He received his primary education at a school his father ran in Twickenham, before being sent to Merchant Taylors' School, London. From there he went up in 1792 to Worcester College, Oxford, gaining the degrees of BA in 1796, MA in 1806 and both BD and DD in 1820.

==Career==
Following his father and grandfather into the Church of England, he was ordained priest in 1798 by the Bishop of Salisbury and held various appointments until 1804, when he became vicar of Brighton. A busy fishing port and holiday resort, it was where the Prince of Wales, the future King George IV, spent much time and a friendship began between the two men which lasted for life.

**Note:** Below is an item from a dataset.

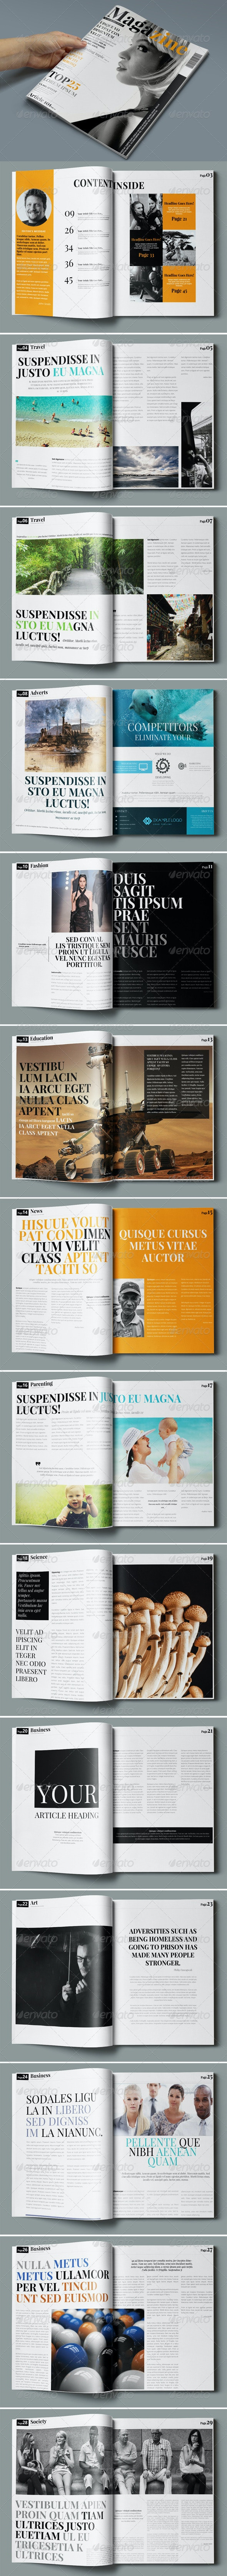 30 Pages Creative Magazine - Magazines Print Templates

When the Prince became King in 1820, he was able to advance his friend, who was appointed Deputy Clerk of the Closet, Dean and Canon of Hereford and Canon of Salisbury Cathedral and of Chichester Cathedral. Four years later he was consecrated bishop of Chichester, giving up his posts at Brighton and Salisbury. In 1827 he was promoted to Clerk of the Closet and in 1828 was made a canon of St Paul's Cathedral, giving up his posts at Hereford.

In the House of Lords, he was one of the bishops who voted against the Roman Catholic Relief Bill in 1829 and, while not speaking against the measure, opposed it in other ways. During the King's last illness, he was in constant attendance at Windsor Castle and was able to help with two matters on the king's conscience: his estrangement from his brother, the Duke of Sussex, and the possible breach of his coronation oath in allowing Catholic emancipation.

In 1831 the new king, William IV, promoted him to the bishopric of Worcester, in fulfilment, as it was understood at the time, of a promise made by the late king. He then gave up his post at St Paul's, being succeeded by Sydney Smith. When the House of Lords voted on the Reform Bill in 1832 he abstained. After the death of the king in 1837, he was replaced as Clerk of the Closet and had no further influence at court. He was elected a Fellow of the Royal Society in 1831.

He died on 24 April 1841, aged 67, in The Old Palace, Worcester and was buried on 3 May beside his wife in Hartlebury churchyard. His only published works were sermons preached for charitable purposes.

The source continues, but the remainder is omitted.